EXERCISE> Starting with the line below that holds "Sally Turtleneck A-Line" and stopping after the line that holds "802 N FLORENCE ST, Wichita, KS 67212", transcribe the lines exactly, leaving out all pictures.

THE RECORDS>
====================

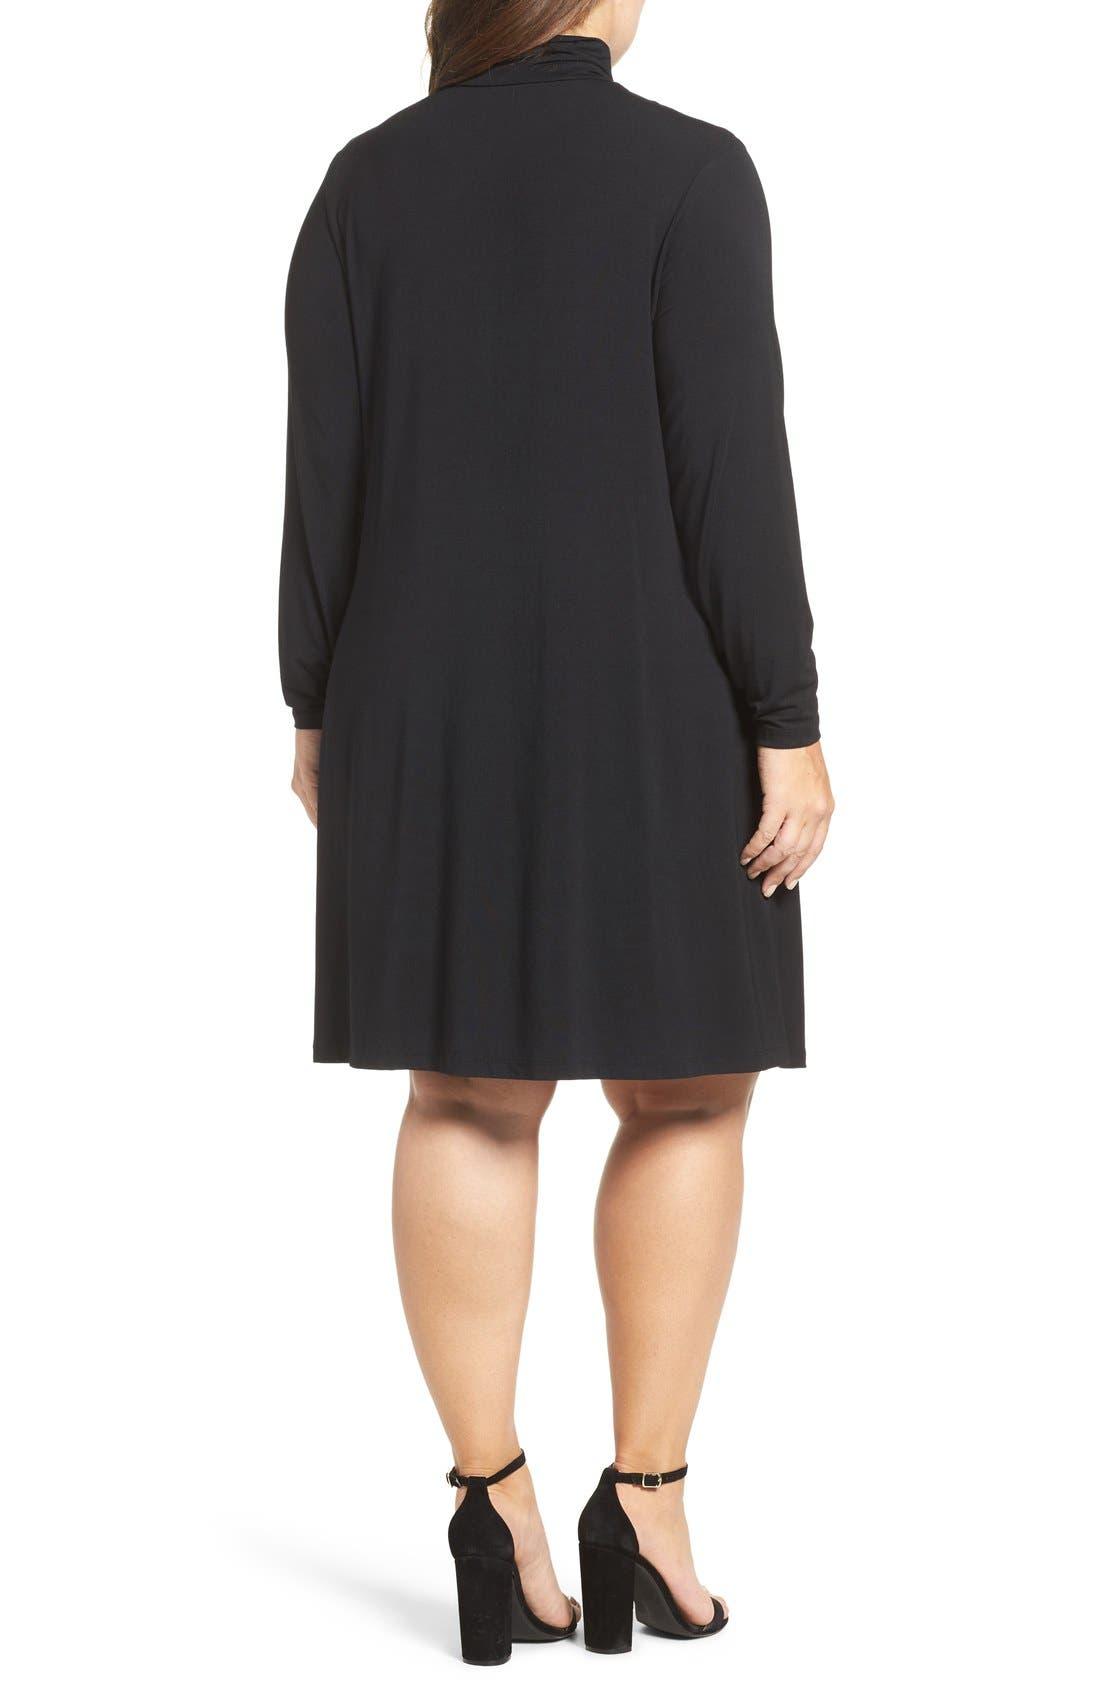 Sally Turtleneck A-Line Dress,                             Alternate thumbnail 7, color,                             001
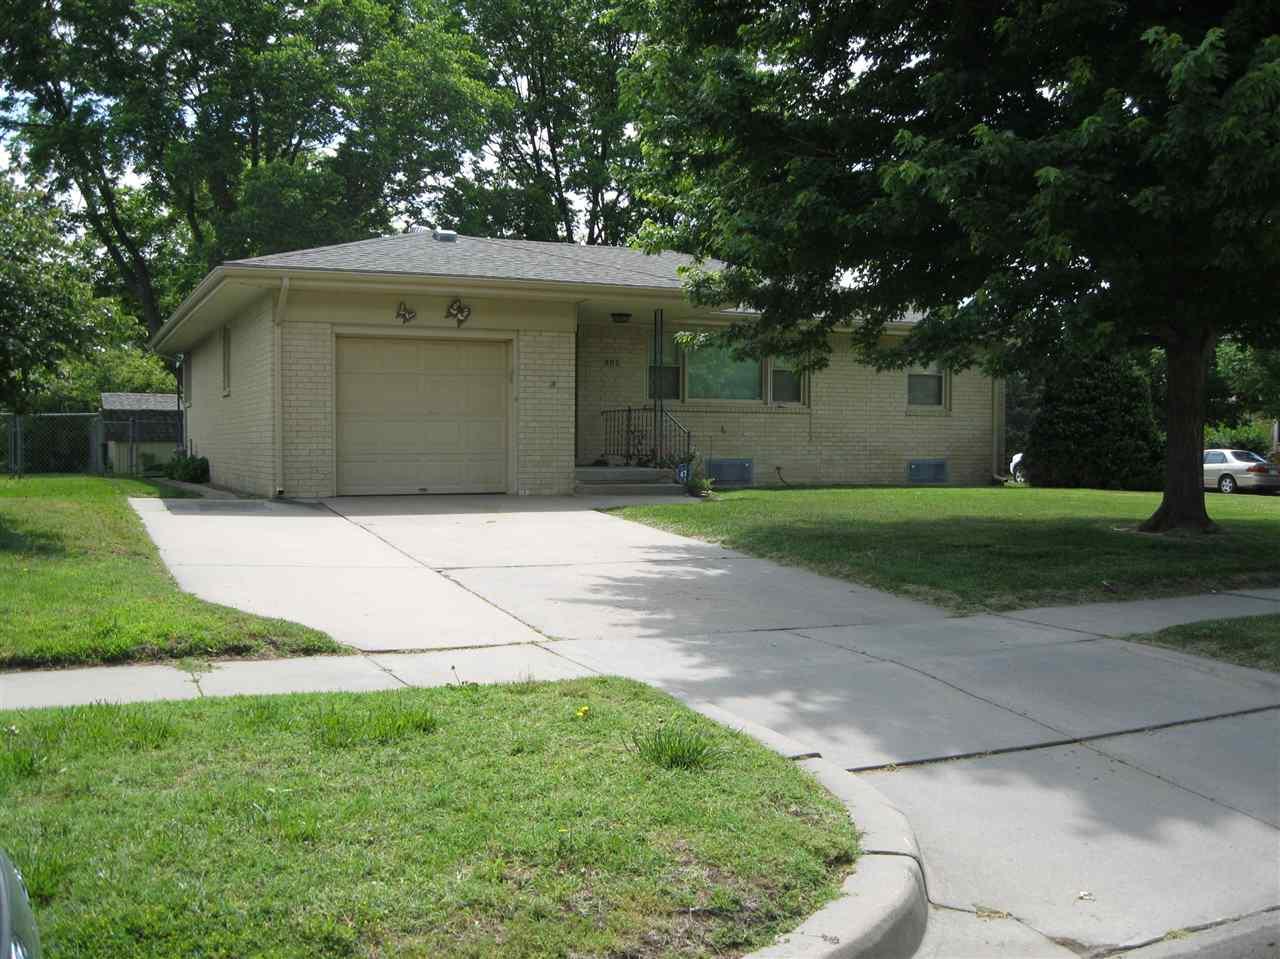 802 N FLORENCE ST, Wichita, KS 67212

====================

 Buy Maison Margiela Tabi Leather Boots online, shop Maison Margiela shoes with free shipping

====================

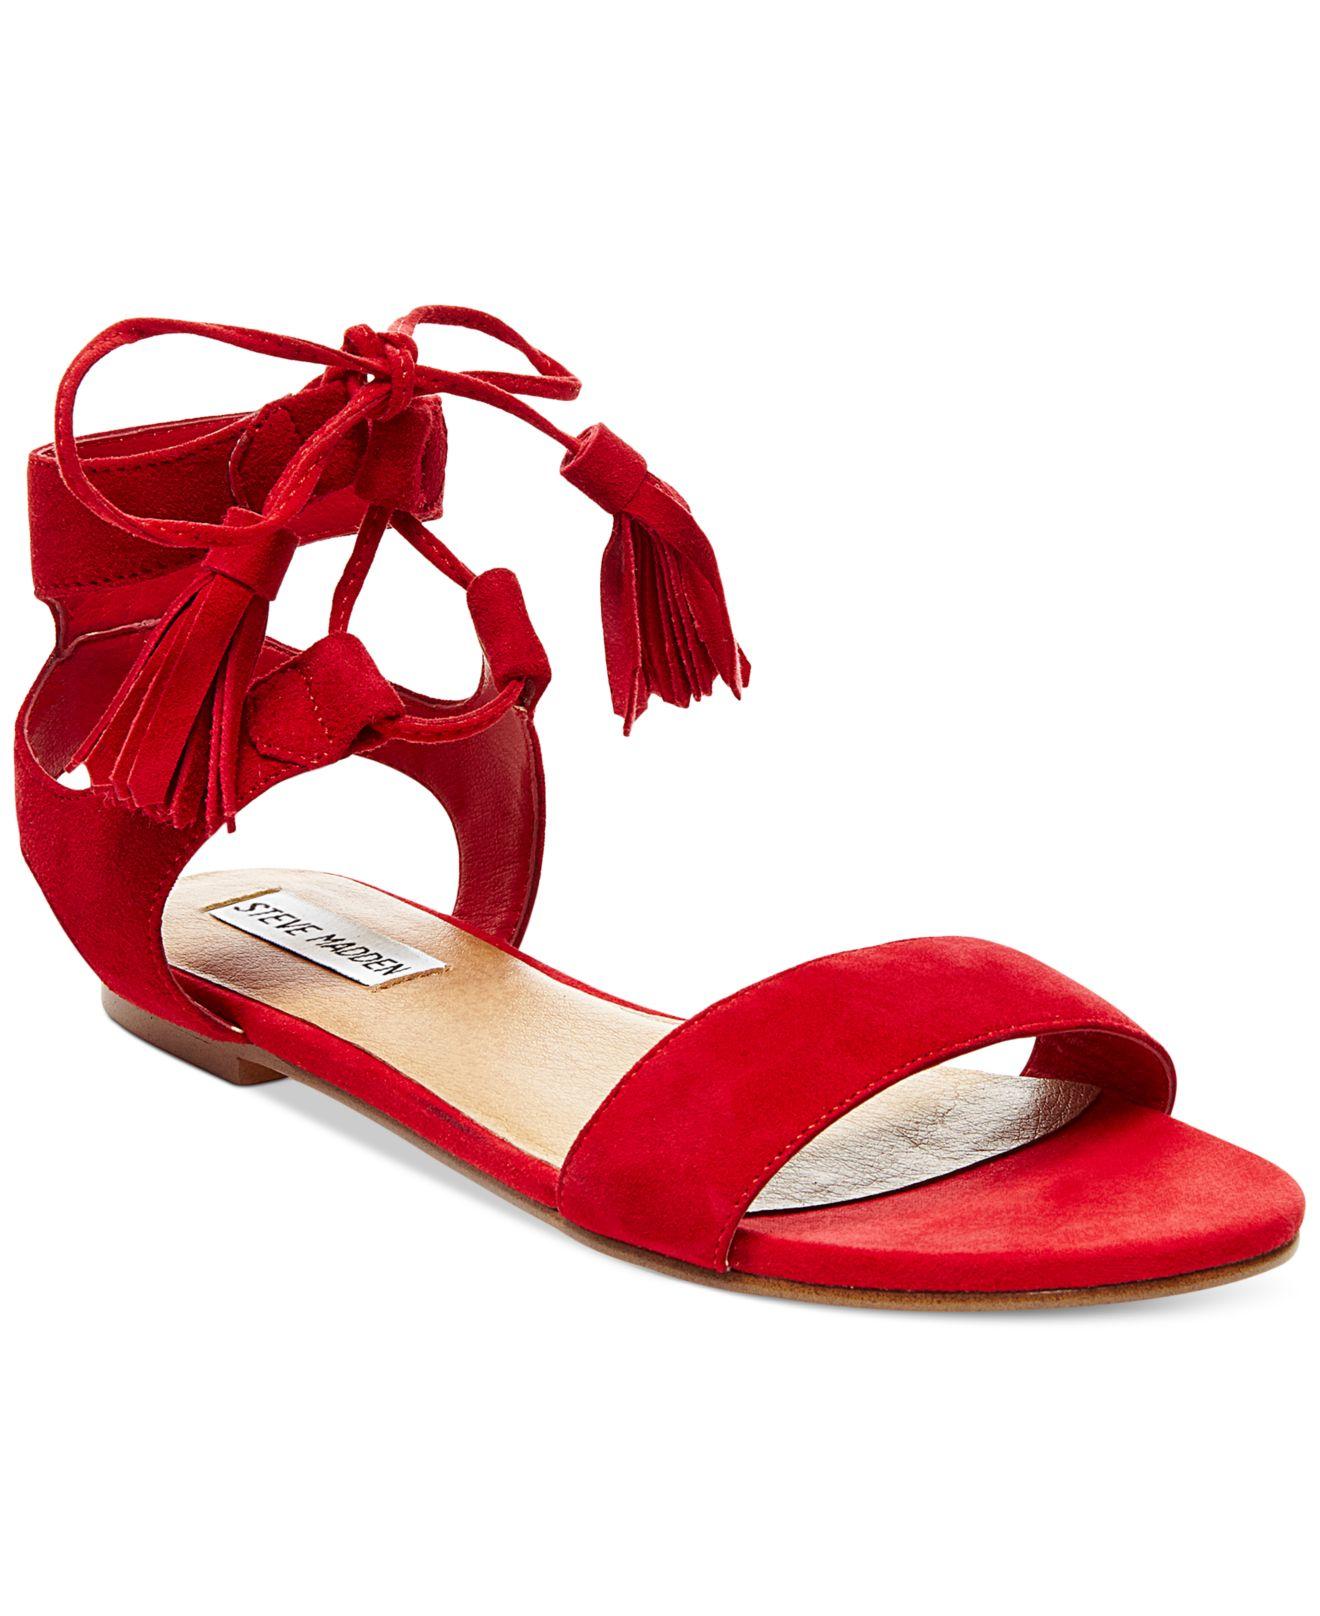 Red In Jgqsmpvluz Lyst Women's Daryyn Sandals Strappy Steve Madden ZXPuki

====================

SOLUTION FOR THIS PROBLEM>
 Sally Turtleneck A-Line Dress,                             Alternate thumbnail 7, color,                             001
 802 N FLORENCE ST, Wichita, KS 67212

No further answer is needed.